The weird humanity the violin in Netochka’s ears feels as if Netochka’s experience is withdrawing from reality and at the same time as if the wildness of reality is breaking in on Netochka’s dream of control. She’s sensing the strain of living too long in delusion. Both Netochka and Efimov hoped that their own constructed fantasies would always obey their creators. But the dreams themselves seem to have their own laws, their own reality outside of the conscious self.
Of course, as a child, Netochka’s not responsible for the monstrousness of her inherited dream, but as the novel shifts focus from Efimov to her, she takes on the consequences of his mistakes. Yet she doesn’t succumb to the dream like Efimov did. Perhaps the horror she experiences is the adventure of health.

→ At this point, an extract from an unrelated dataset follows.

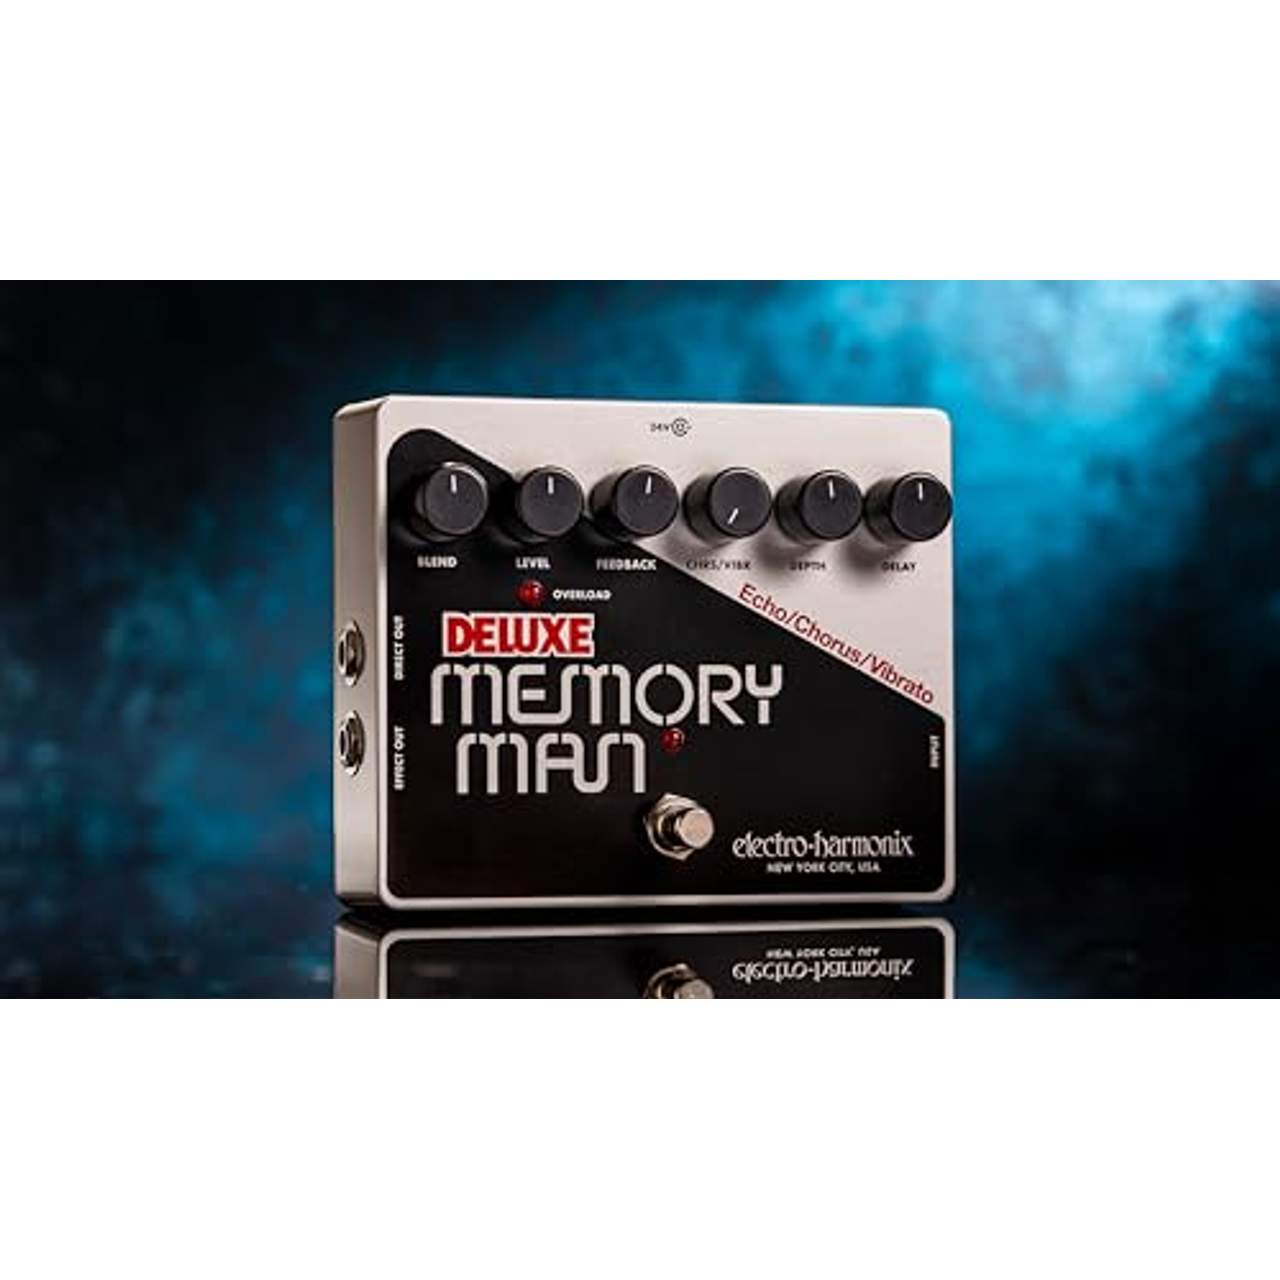 Electro Harmonix Deluxe Memory Man

The night seems to be more nightmarish for her than for Efimov, and she also displays more agency—he seems as if he has already been lost to his delusions and is beyond the reach of the healing pain of reality.
Netochka, on the other hand, emerges as a heroine. Her devotion to such an unlovely step-father causes her childlike purity to shine all the more in its ghoulish surroundings.
It’s a shame Dostoevsky never finished Netochka Nezvanova. It has that great-novel quality about it—that diamond of clashing characters around a complex but focused value. As an exploration of the allure of playing God and the backlash of nature—even the nature of our own minds—Netochka Nezvanova makes a valuable offering.